Star Wars Saved My Life

This past Monday, I drove my mom up to her cabin in Mansfield, Indiana. As we were passing through Huntsville, Alabama, I saw a billboard advertising a Star Wars exhibit at the U.S. Space & Rocket Center and immediately started making plans to stop by for a visit on my way home. (Left, the poster that saved my life!)

EXHIBIT CLOSED

On Tuesday, we went into the "big city" of Brazil, Indiana, and while mom was shopping, I got my internet fix using the free WiFi at McDonald's (thanks, Ronald!). I looked up the U.S. Space & Rocket Center, and to my extreme disappointment, the exhibit had ended eight days earlier. Eight days. ::sigh::

THE FORCE IS WITH ME

On Wednesday, I was driving home, south on Interstate 65, and I saw a sign for a rest stop up ahead. "Next Rest Area 81 Miles" it said. Hmmm. Better stop for a potty break. Then I saw one of those electronic signs typically used around construction zones, and it said "REST AREA CLOSED." Great. Then the words changed to say "TO TRUCKS." Okay, then, I'm in a passenger vehicle. I can still stop. Wonderful.

When I pulled into the parking lot, I could see why the truck area was closed. It was filled with law enforcement vehicles, primarily trucks hauling trailers and those large "mobile command center" vehicles. I could see the top of a boat behind one of the trailers. A law enforcement helicopter was swooping by overhead.

Oh, dear. It's not going into a heavy drive period like a holiday weekend, so it's probably not one of those demos for the TV news where they kick off a safety initiative. Hmmm.

While I was inside, I spotted a poster for the now closed-and-moved-on Star Wars exhibit, so I stopped by the desk and asked the staff member if - since the exhibit is definitely over - could I have the poster. While the very nice Mr. G. Knox hunted for tools to detach the frame from the wall, I wandered about the small area looking at the posted map (222 miles to Pensacola), and I overheard someone say that the LEO were out in force because of some kind of chase.
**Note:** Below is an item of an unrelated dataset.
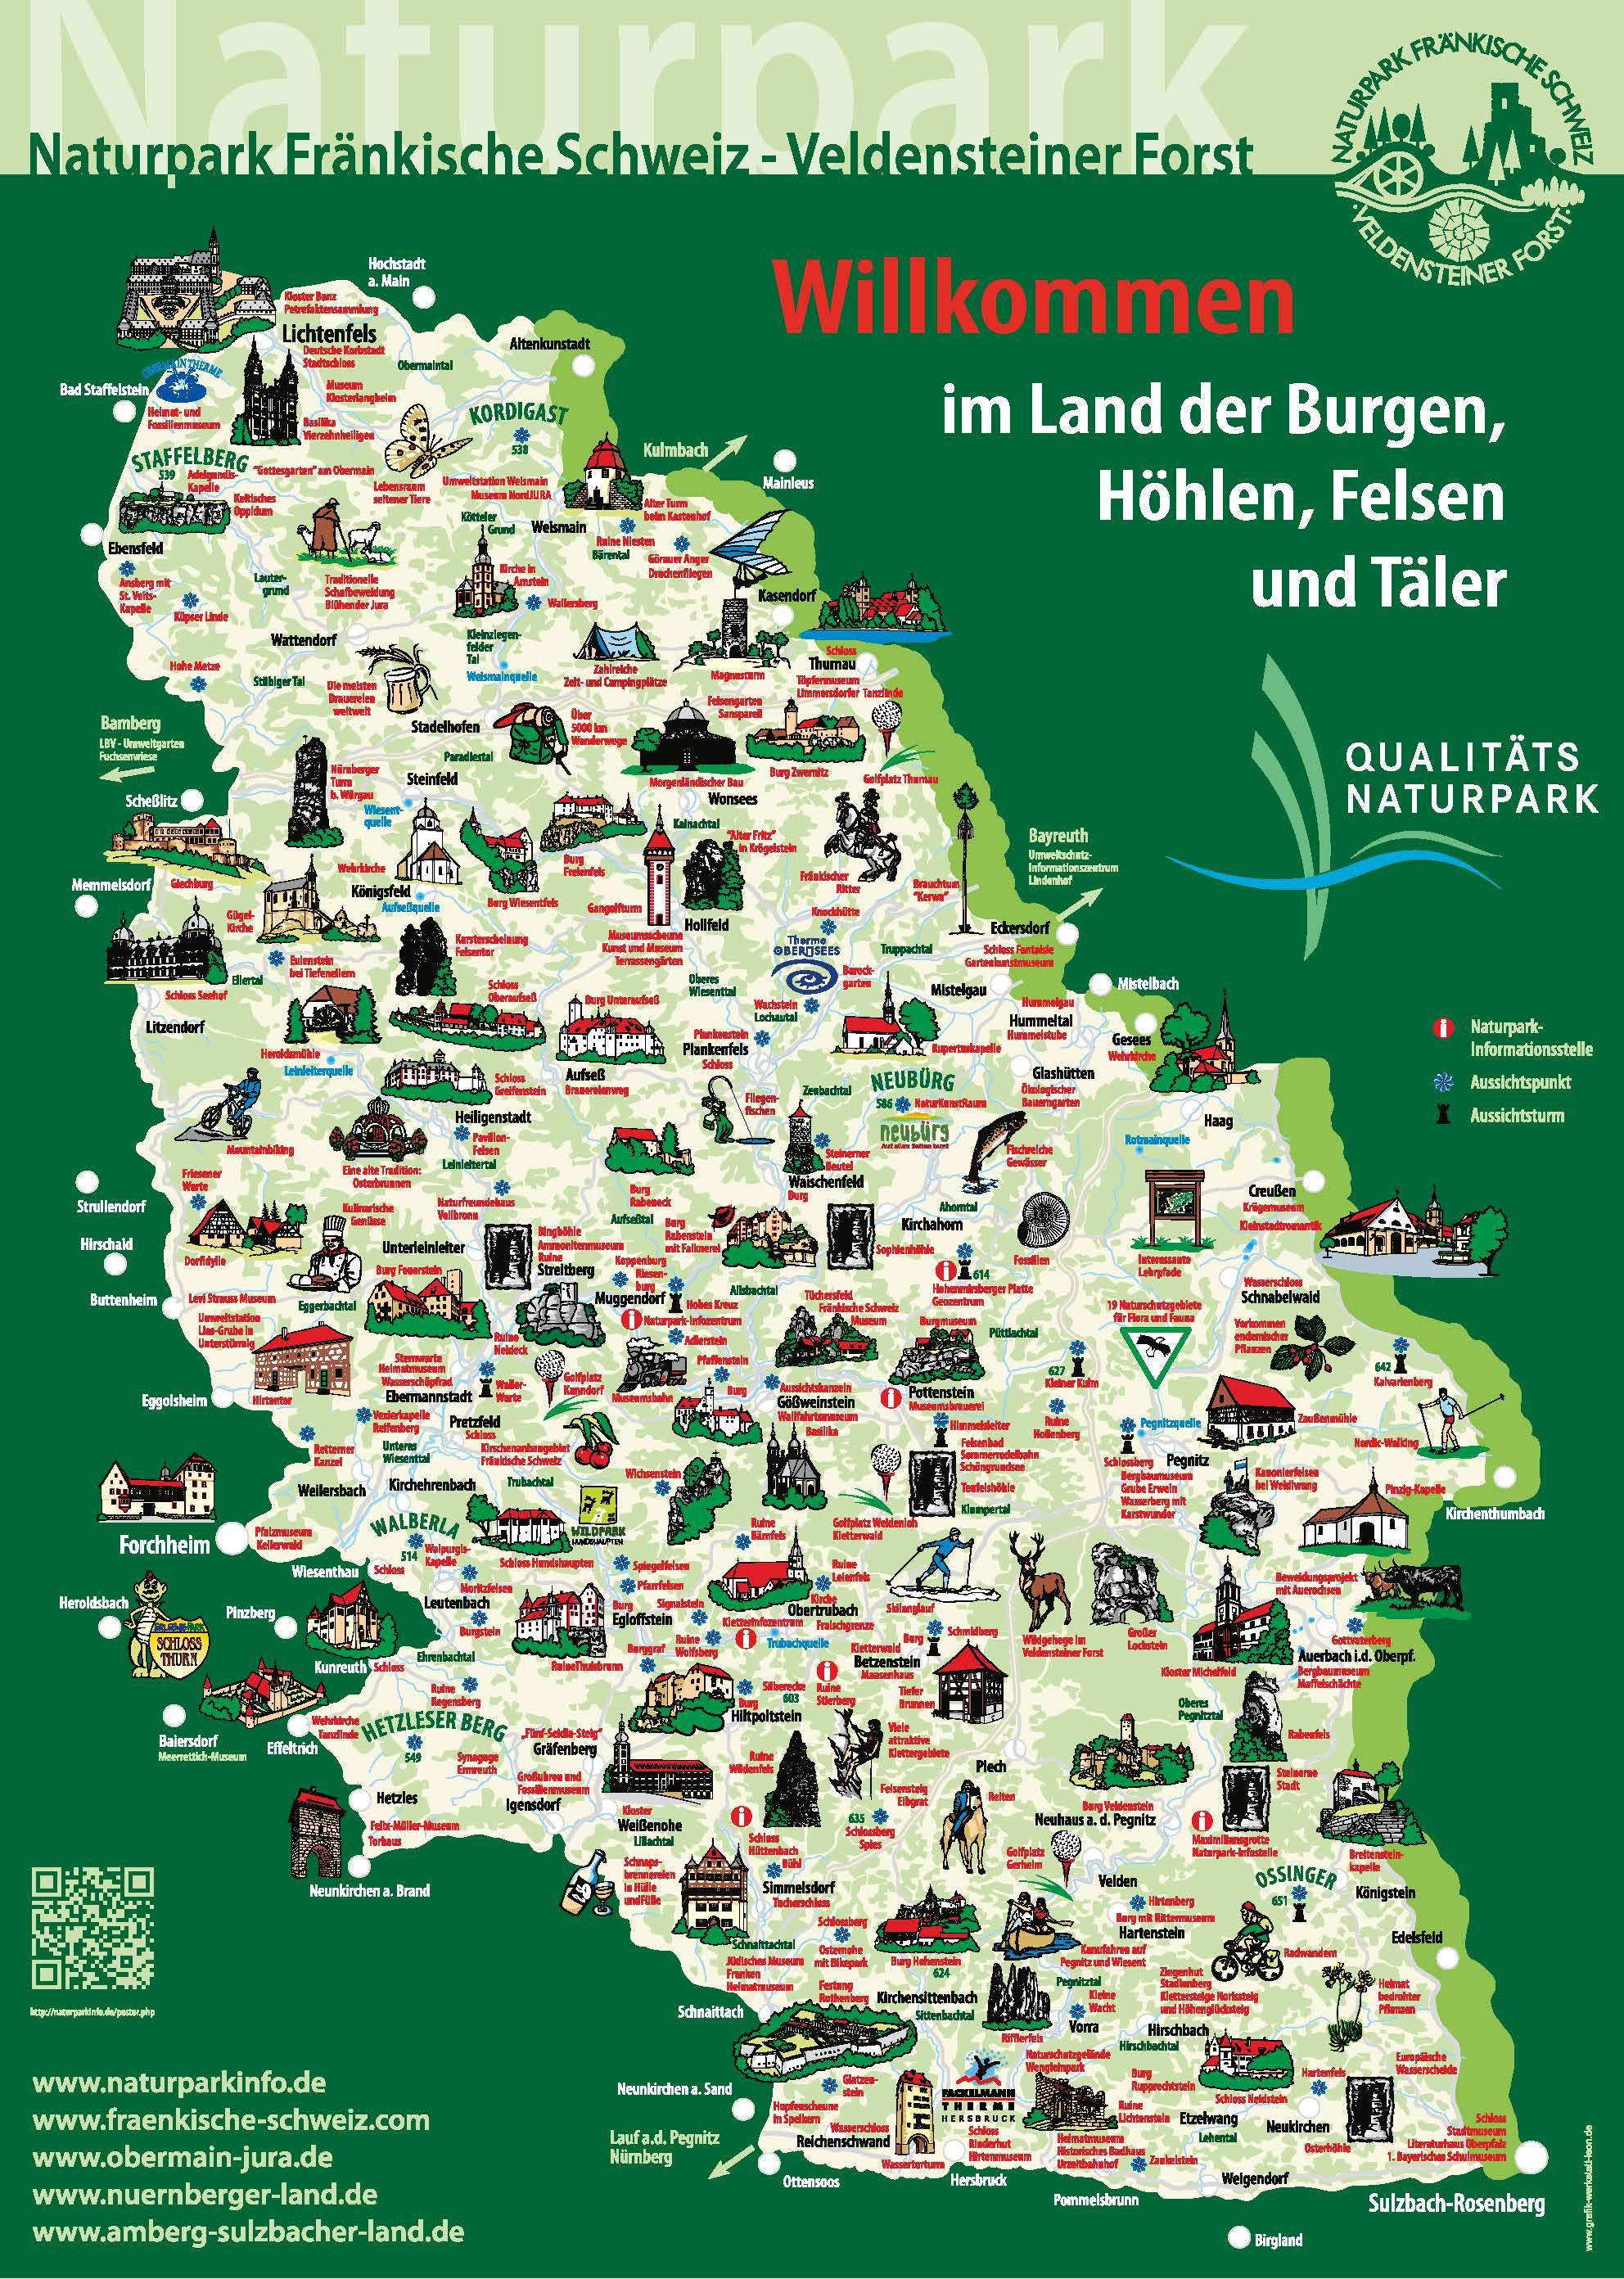 Touristische Übersichtskarte des Naturparks Fränkische Schweiz - Veldensteiner Forst

One traveler mentioned that he'd heard something about it on the CB, but they were headed south, implying - or at least I inferred - that the chase was happening in the northbound lanes.

When Mr. Knox handed me the poster. I thanked him and walked out the door.

AVOIDING AN ACCIDENT

And that's when the law enforcement vehicles took off. Woosh, woosh, woosh, one after the other. I hung out by my car, tried my cell phone and realized that it didn't actually charge while it was plugged in overnight (probably because it was pre-occupied with trying to find a non-existent signal in Mansfield), considered taking out my camera to take action shots of the chopper swooping low over the now-backed-up lanes of traffic. The last LEO vehicles pulled out and the stopped traffic started moving, so I figured I'd just go on.

Traffic was moving along well, and then it stopped. All those LEO were lined up along one lane of traffic, while traffic crept by. News trucks from Montgomery channels 8 & 12 were set-up on the side of the road by what appeared to be an accident. Here's the CBS 8 report on what happened:



And a report on the accident from WSFA 12:



Once past that scene, traffic opened back up. I noticed more people pulled over for the next hour or so, so I guess as long as all the law enforcement was in the area, they were racking up a few tickets. I also noticed streams of LEO heading north again, including that boat plus an airboat. All for a guy wanted on domestic violence charges?! Doesn't make sense.

Then I found another report at Channel 12 WSFA:



The proliferation of LEO vehicles was not related to the chase, although I suppose everyone was ready to help if needed.

WHY DID THIS HAPPEN?

The thing that gets me is, if I hadn't pulled off in the rest area and waited that extra few minutes for the poster, I might have been in the middle of this chase. They couldn't use that electronic sign to warn drivers to clear the road? An innocent civilian now has damage to her car and thankfully she's okay, but whatever she was supposed to do Wednesday afternoon was blown, and she'll be dealing with the aftermath of this accident for weeks, explaining to her insurance and having to get repairs done. None of it had to happen, if drivers could have been warned.